▸ Working data
⟨

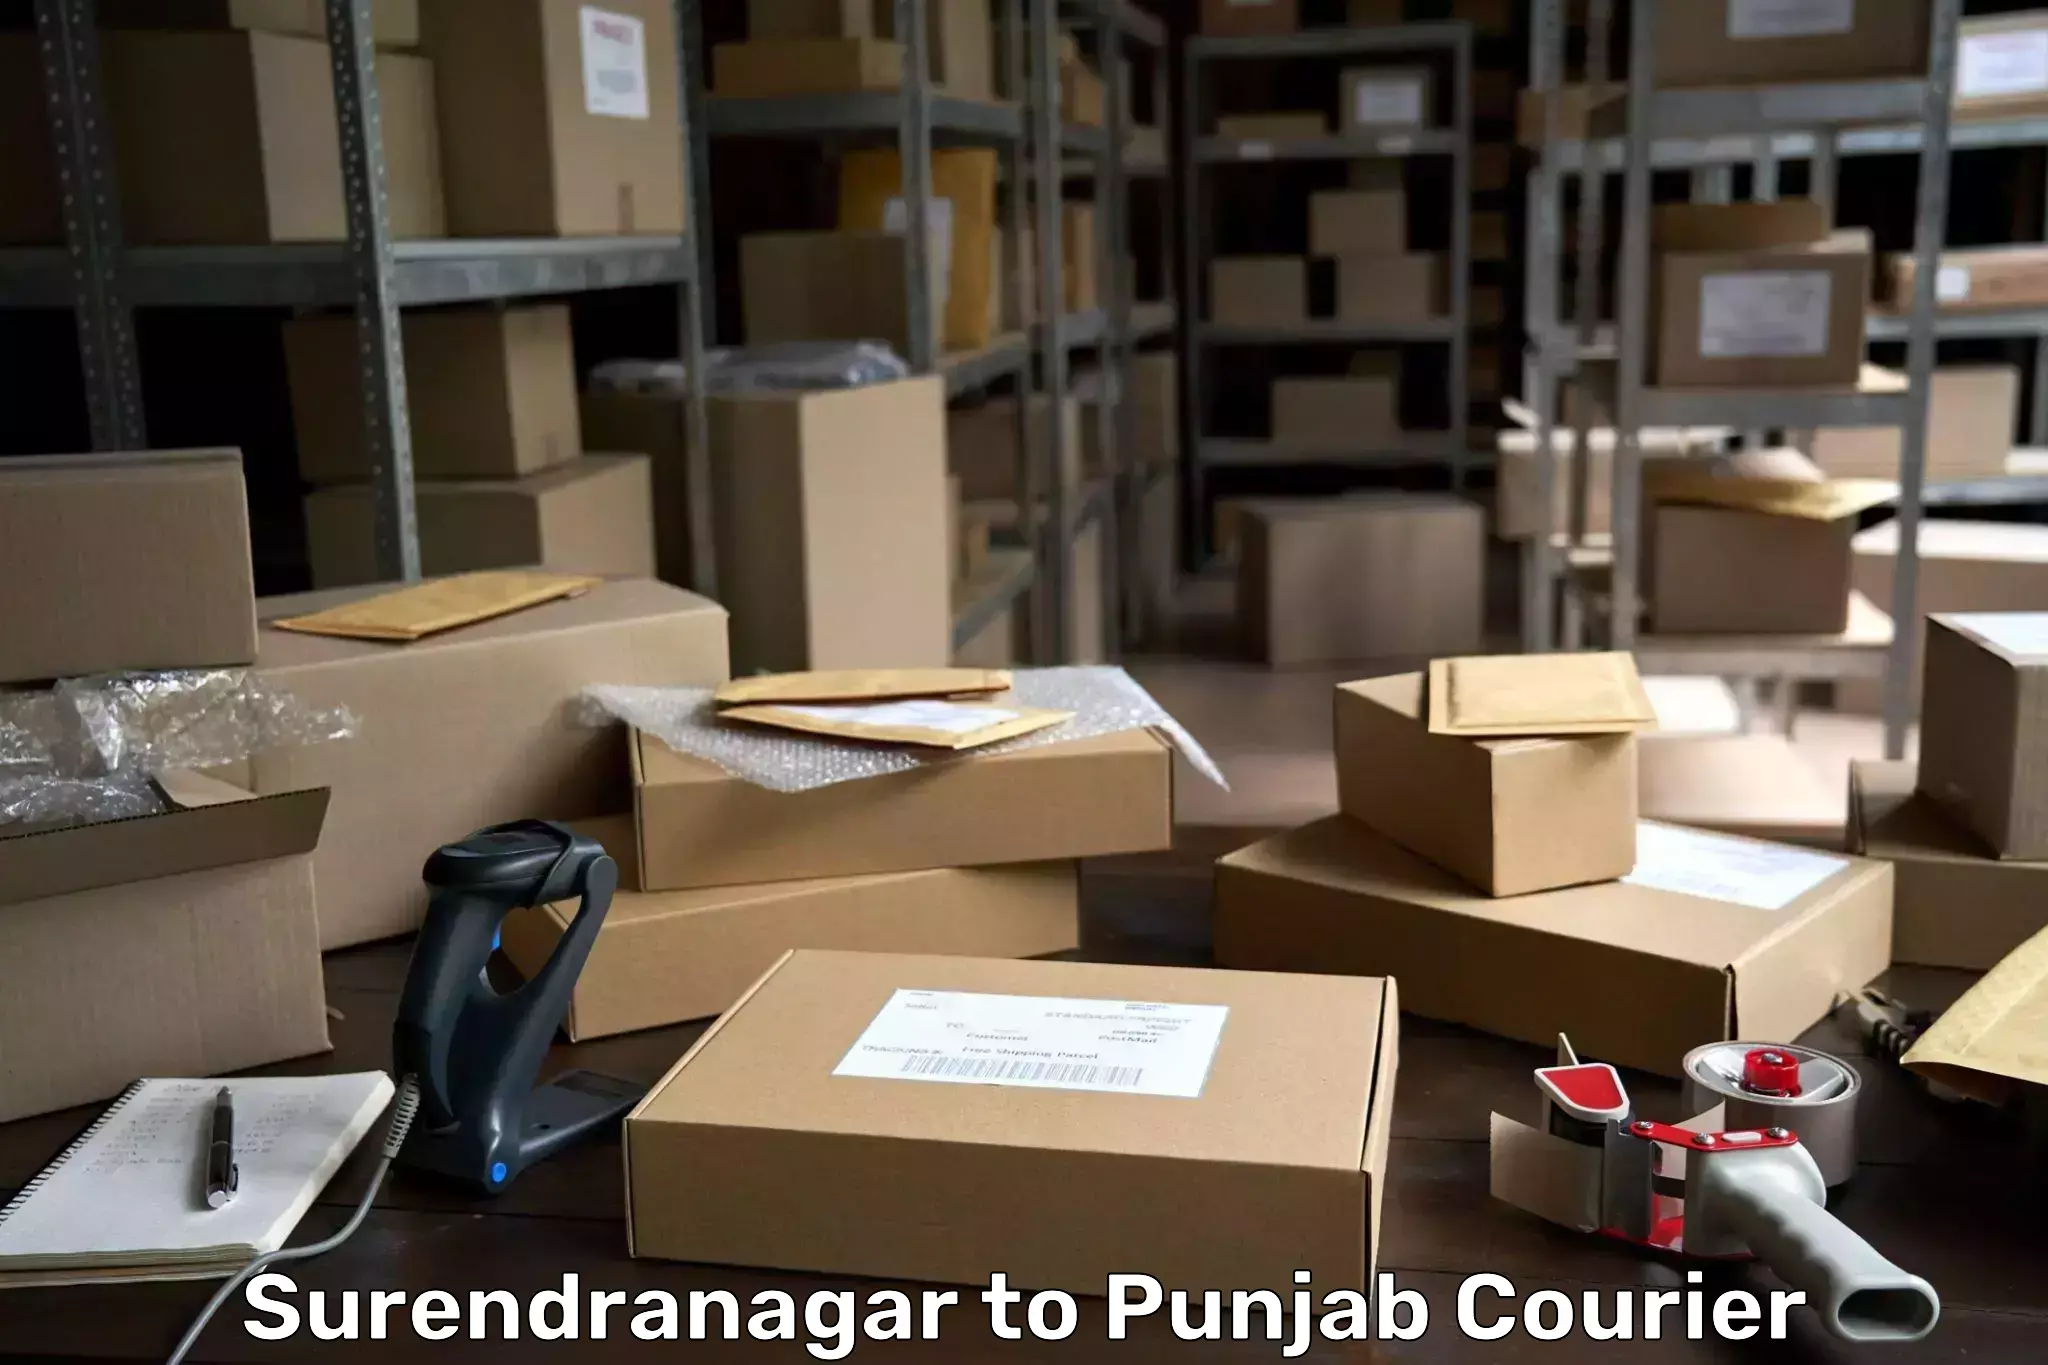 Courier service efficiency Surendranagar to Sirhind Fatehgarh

⟩
⟨

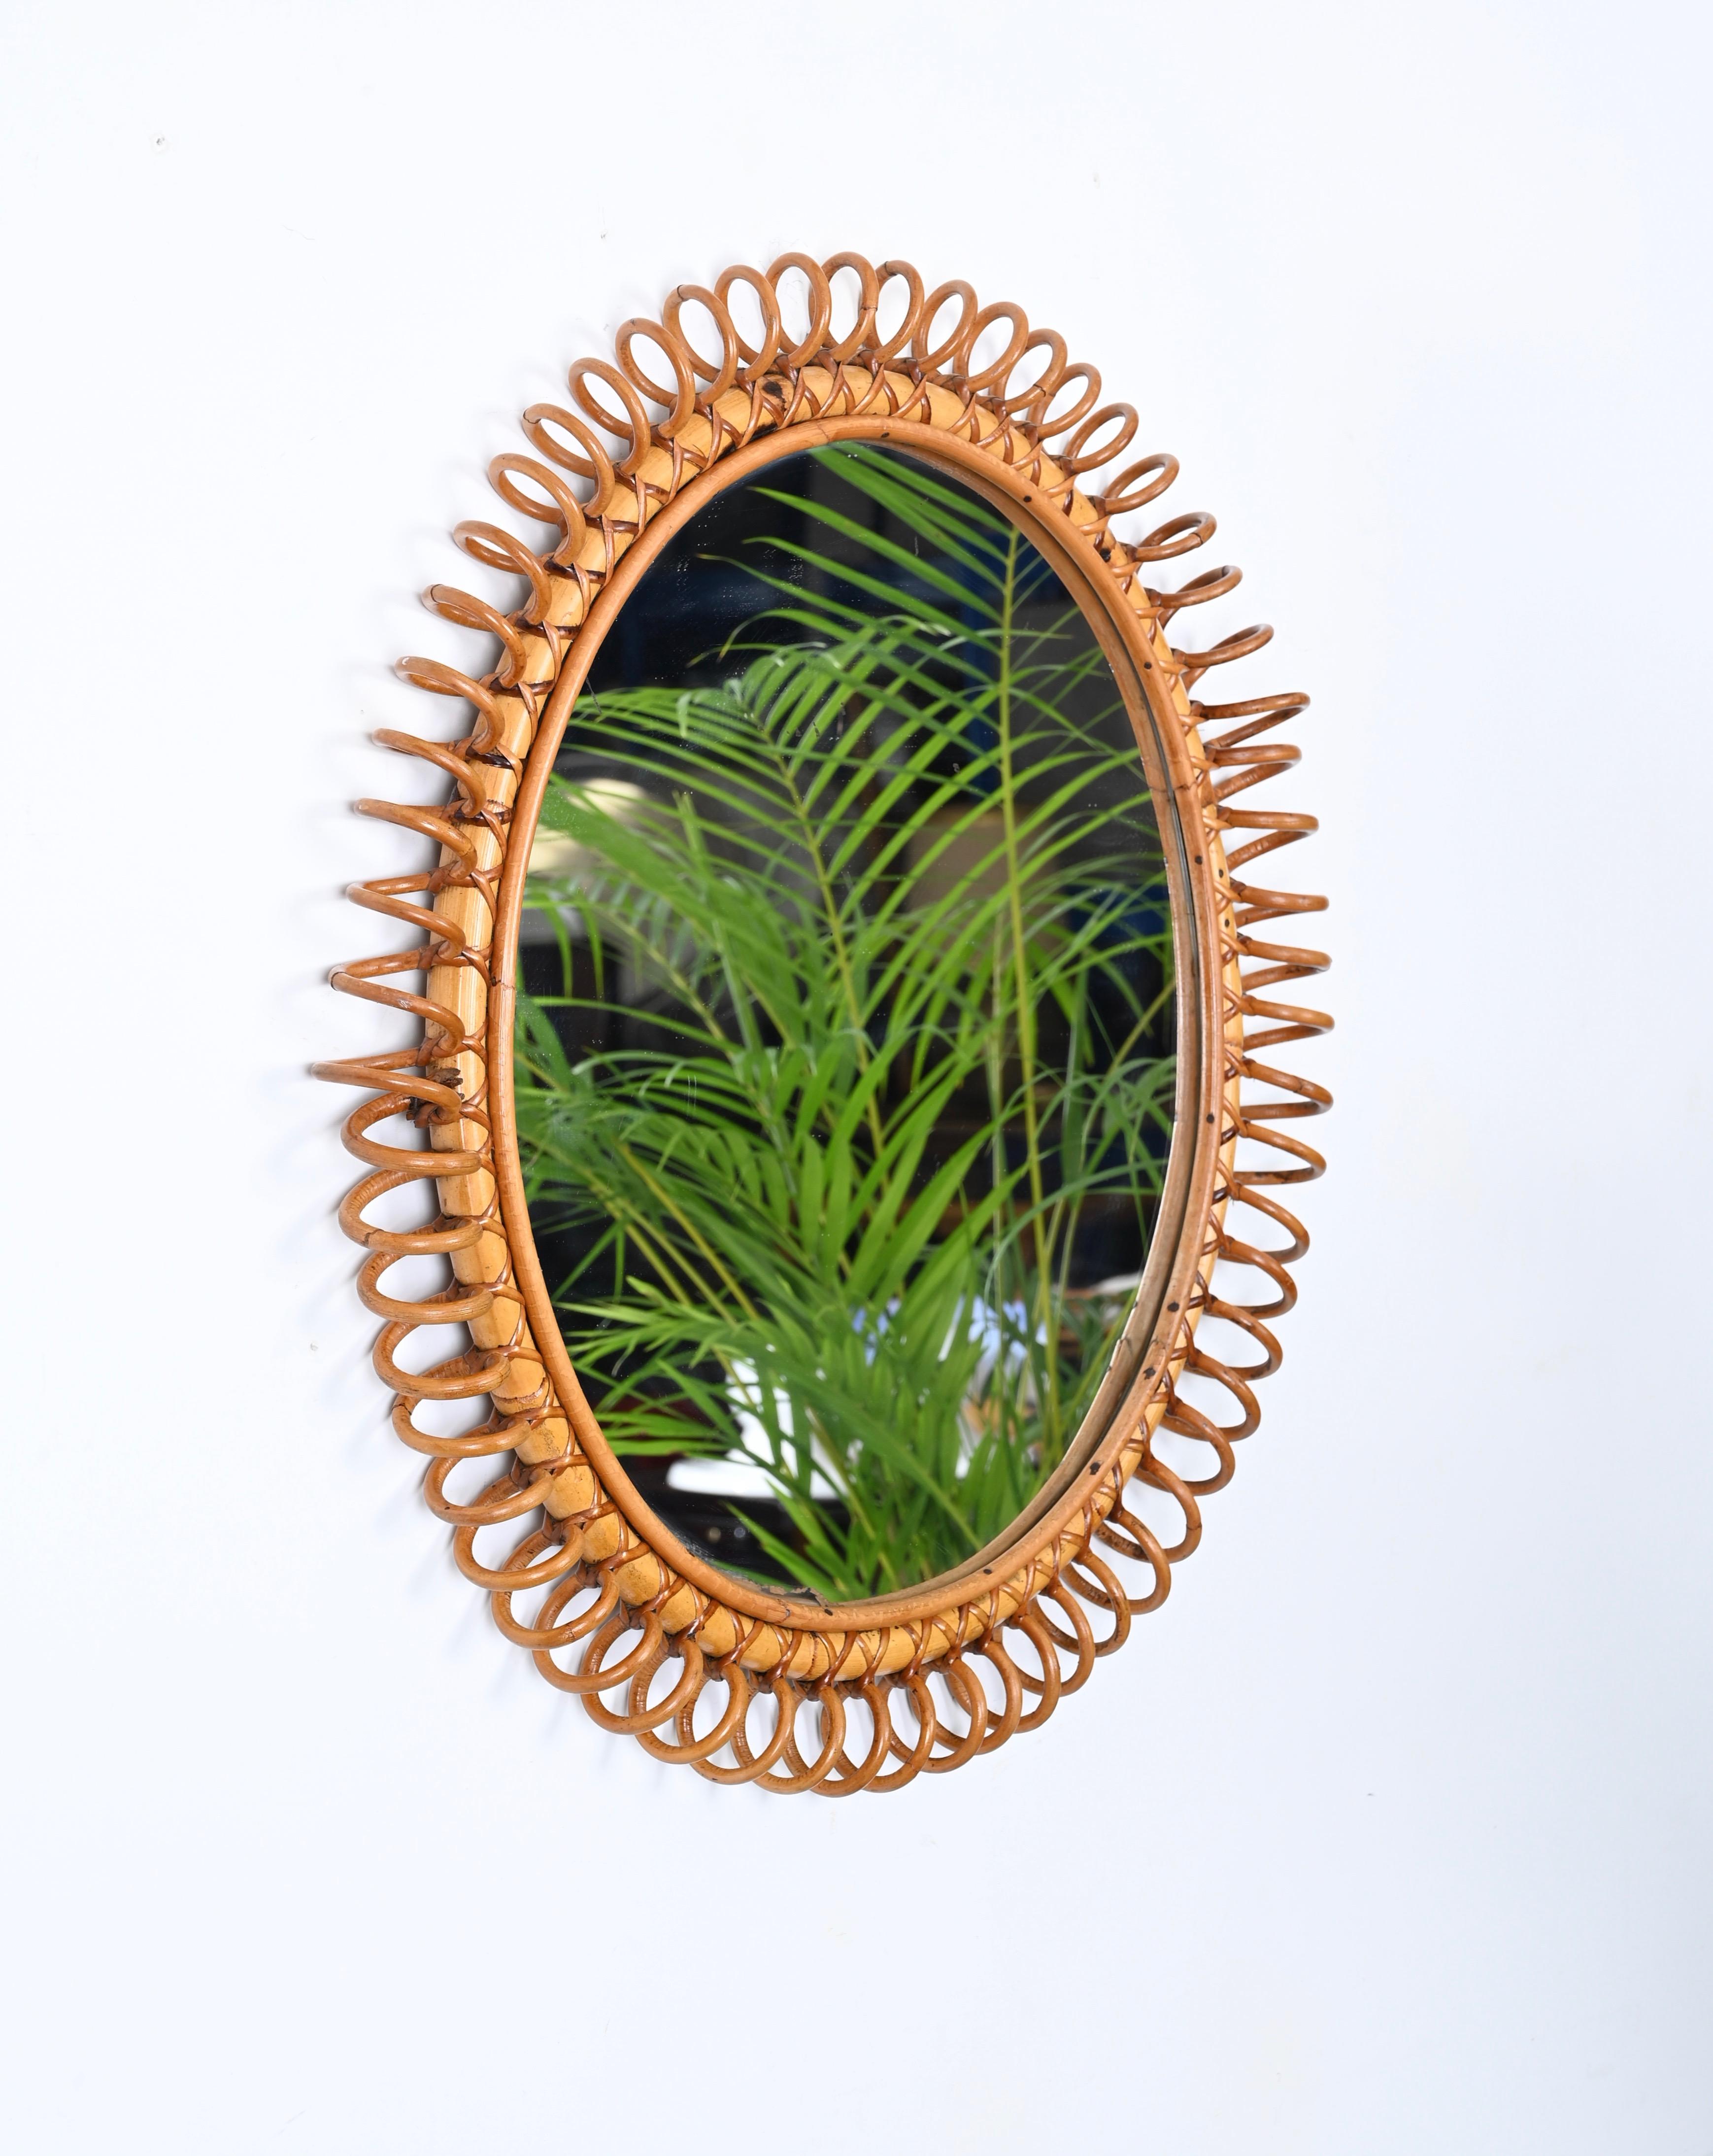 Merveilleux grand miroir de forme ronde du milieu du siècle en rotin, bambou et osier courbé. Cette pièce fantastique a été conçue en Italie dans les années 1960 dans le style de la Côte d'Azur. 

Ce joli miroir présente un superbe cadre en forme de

⟩

▸ What is needed
Starting at the line with "Merveilleux grand miroir" in the entries above, write out every line exactly until the line with "Ce joli miroir" has been written. Include no pictures and nothing more.

▸ Solution below
 Merveilleux grand miroir de forme ronde du milieu du siècle en rotin, bambou et osier courbé. Cette pièce fantastique a été conçue en Italie dans les années 1960 dans le style de la Côte d'Azur. 

Ce joli miroir présente un superbe cadre en forme de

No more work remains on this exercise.